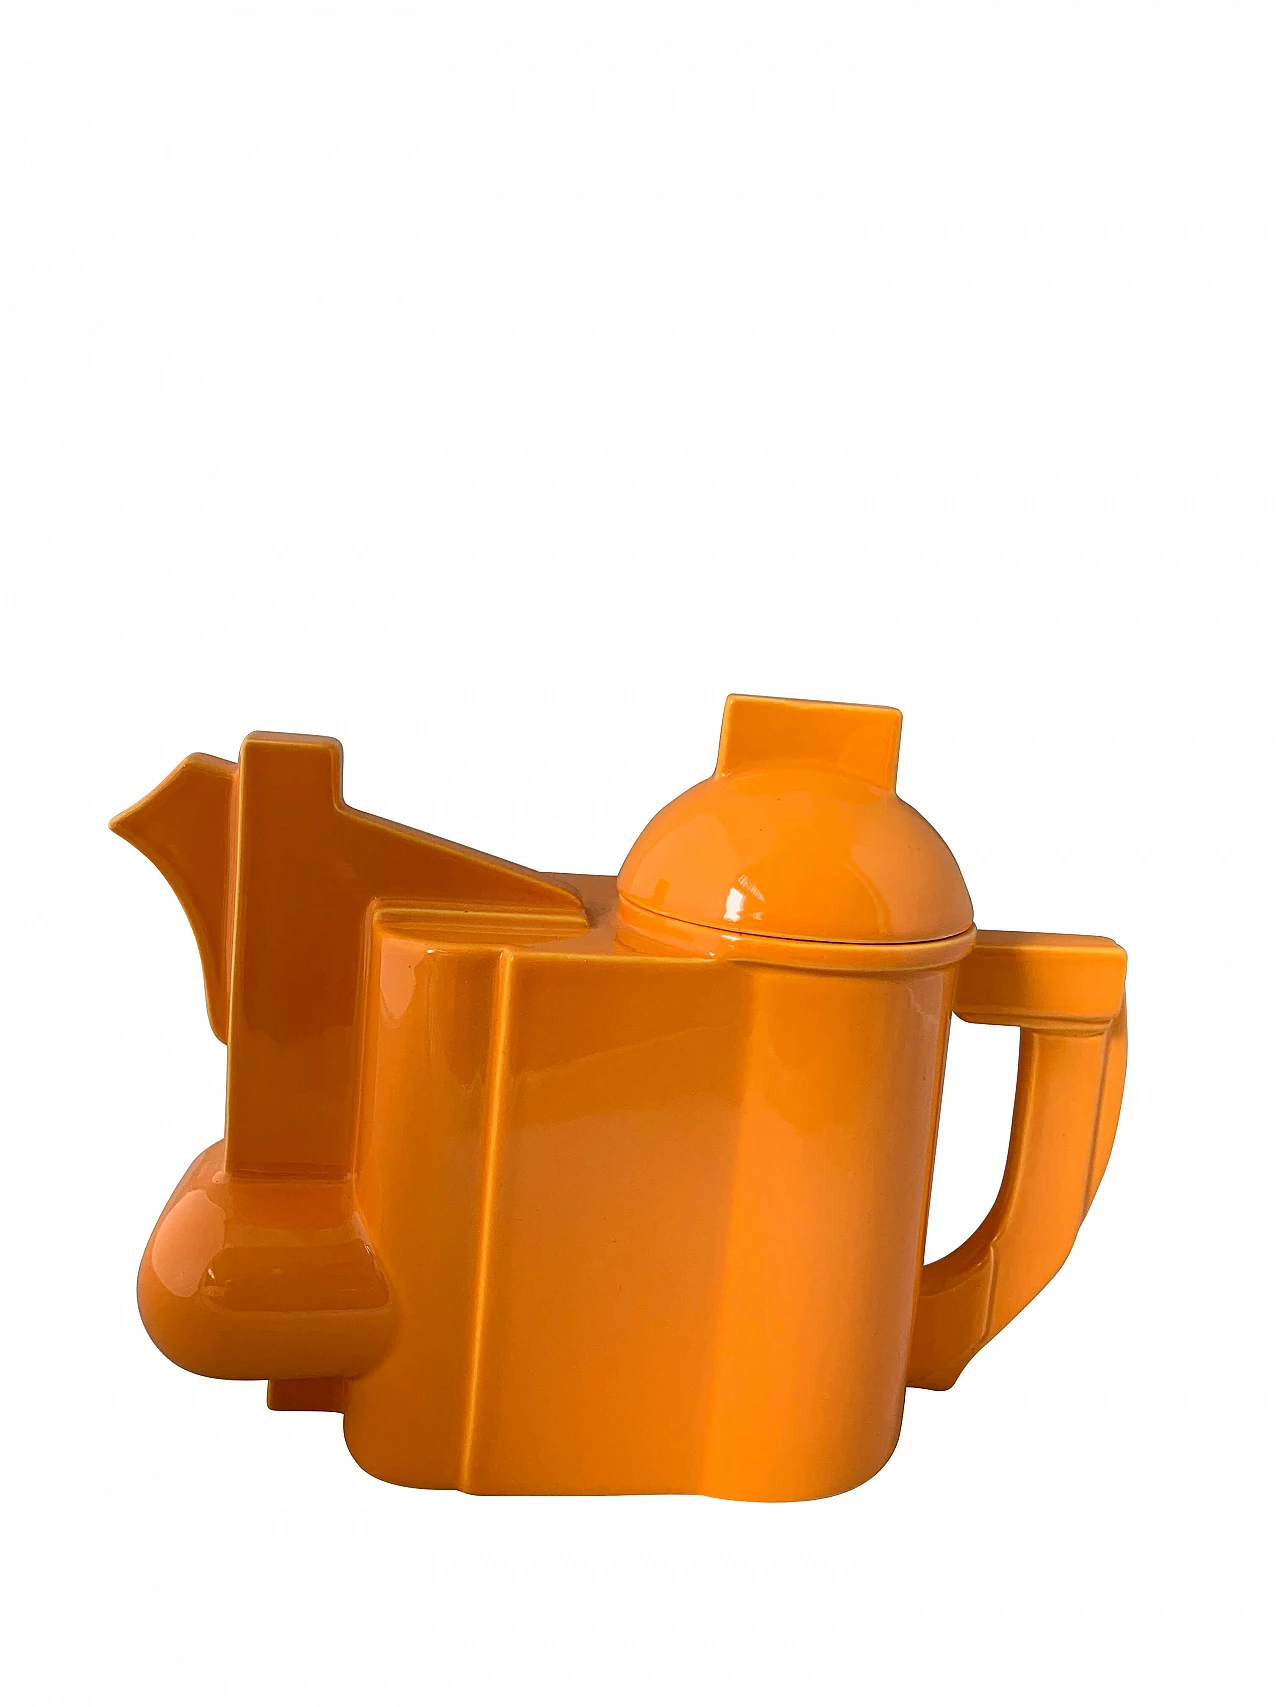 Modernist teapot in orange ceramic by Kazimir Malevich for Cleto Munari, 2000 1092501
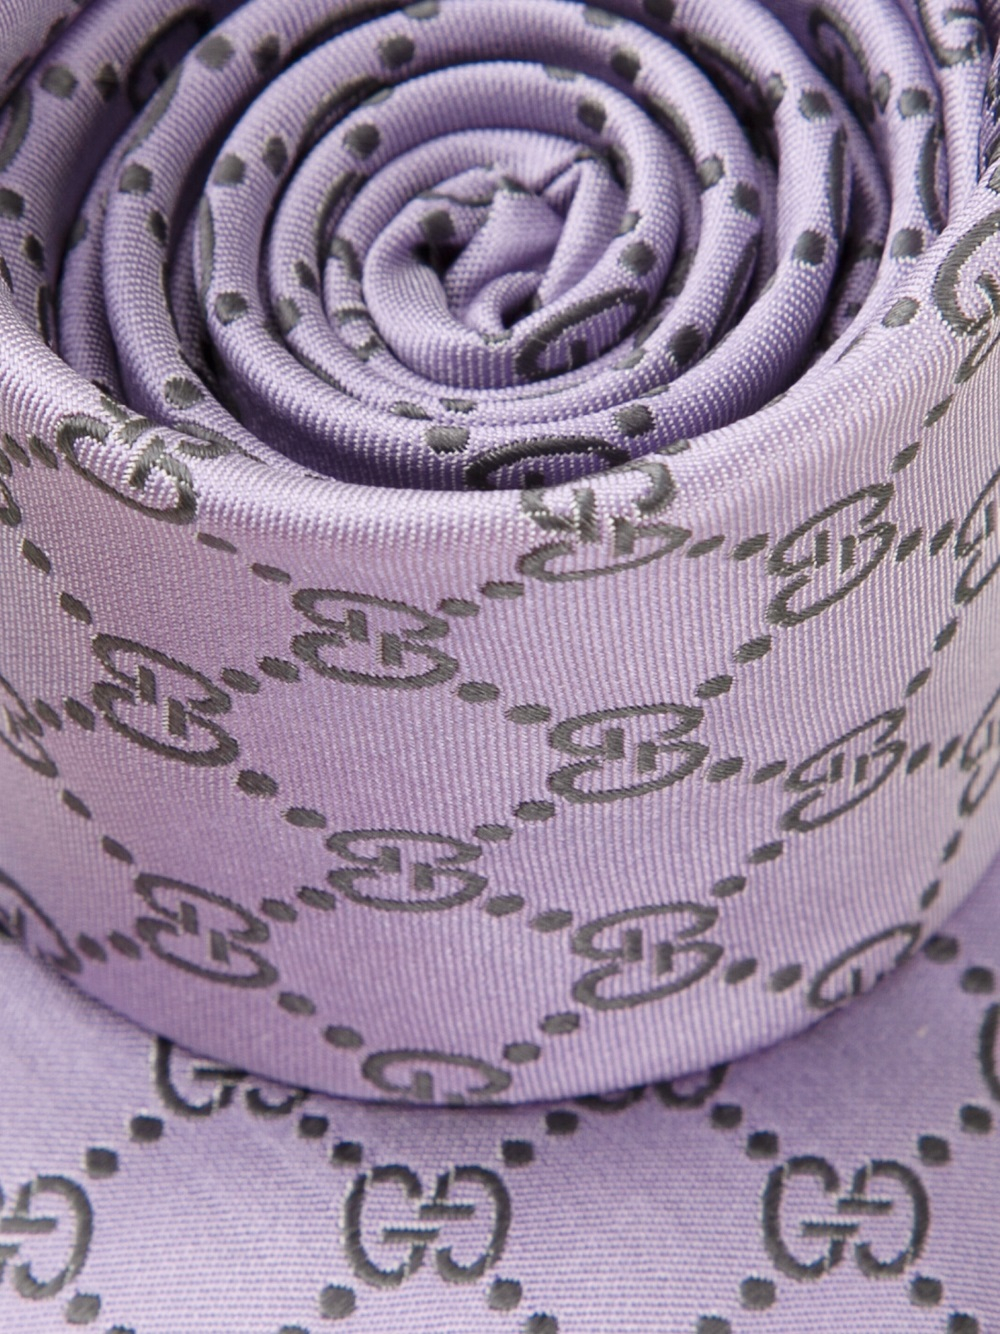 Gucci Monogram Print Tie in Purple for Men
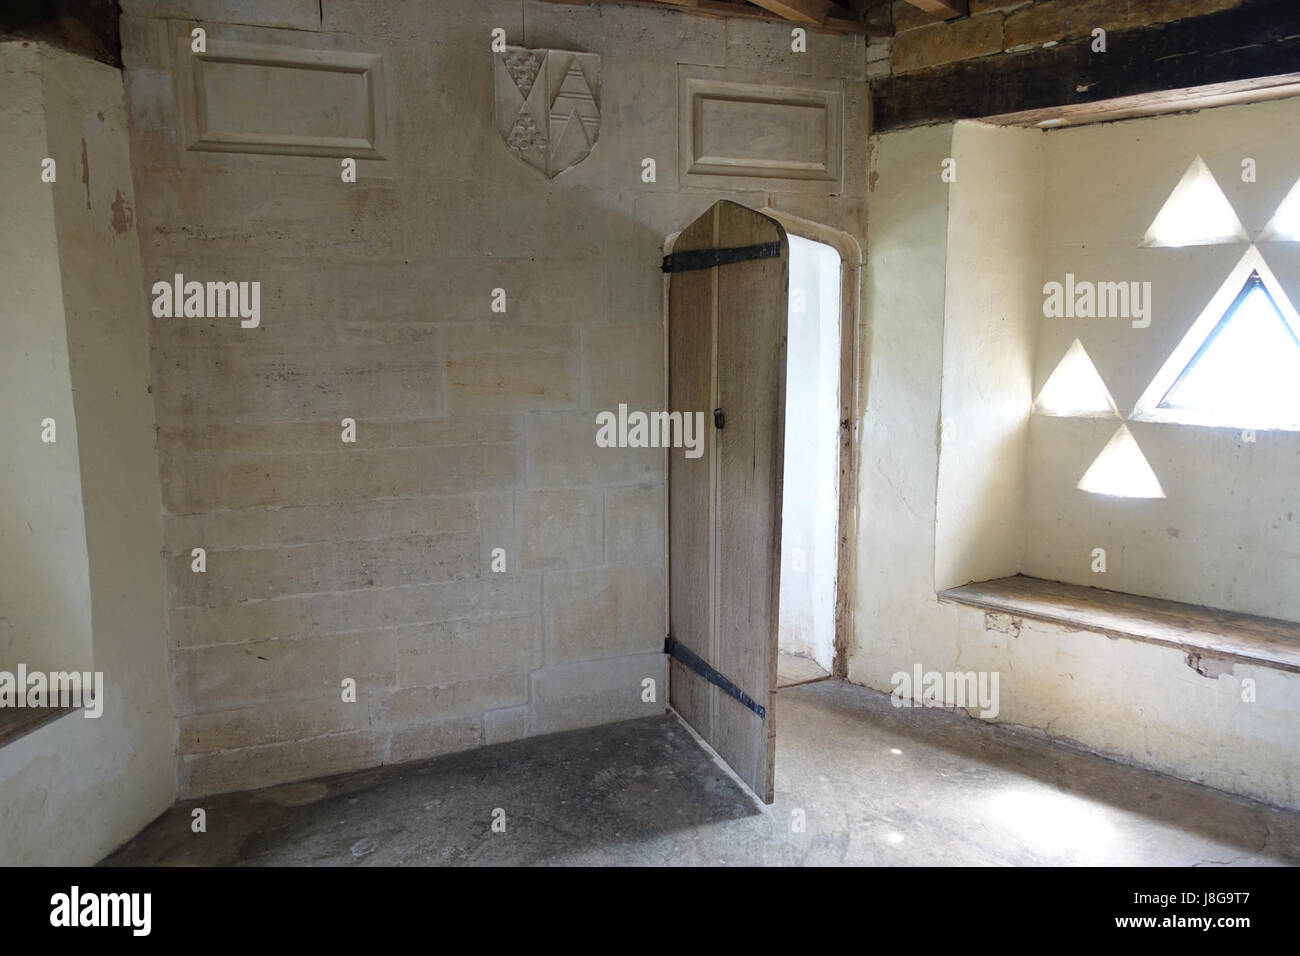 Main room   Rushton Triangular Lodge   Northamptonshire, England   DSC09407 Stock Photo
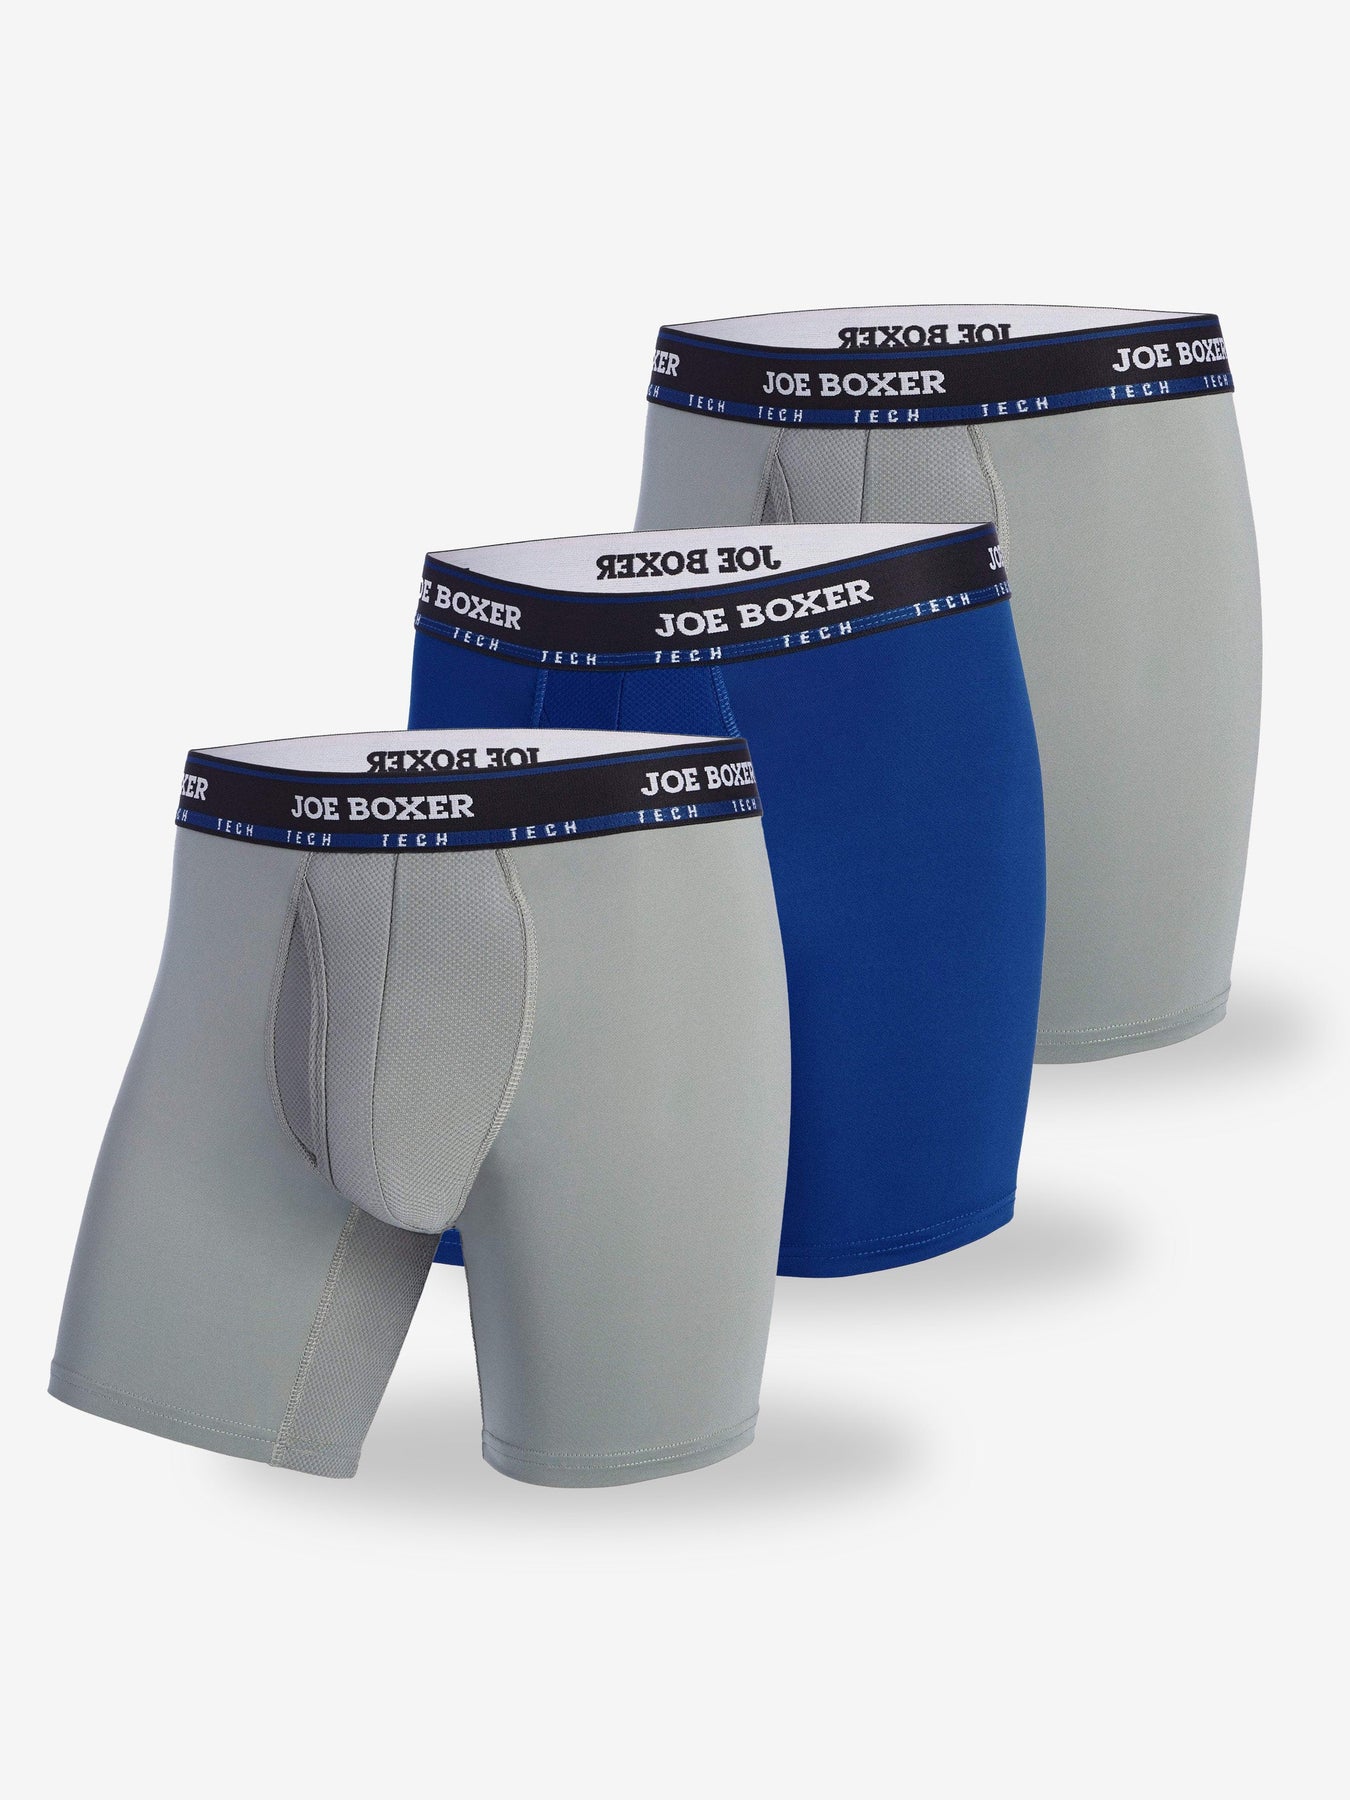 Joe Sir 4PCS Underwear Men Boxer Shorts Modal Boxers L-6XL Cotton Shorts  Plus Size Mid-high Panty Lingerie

# # # #

» TASK REQUIREMENTS:
Your task is to write out, exactly and without pictures, only the lines from the one holding "DSC09407 Stock Photo" to the last line of the data.

» OUTPUT FOR THIS EXERCISE:
 Main room   Rushton Triangular Lodge   Northamptonshire, England   DSC09407 Stock Photo
 Joe Sir 4PCS Underwear Men Boxer Shorts Modal Boxers L-6XL Cotton Shorts  Plus Size Mid-high Panty Lingerie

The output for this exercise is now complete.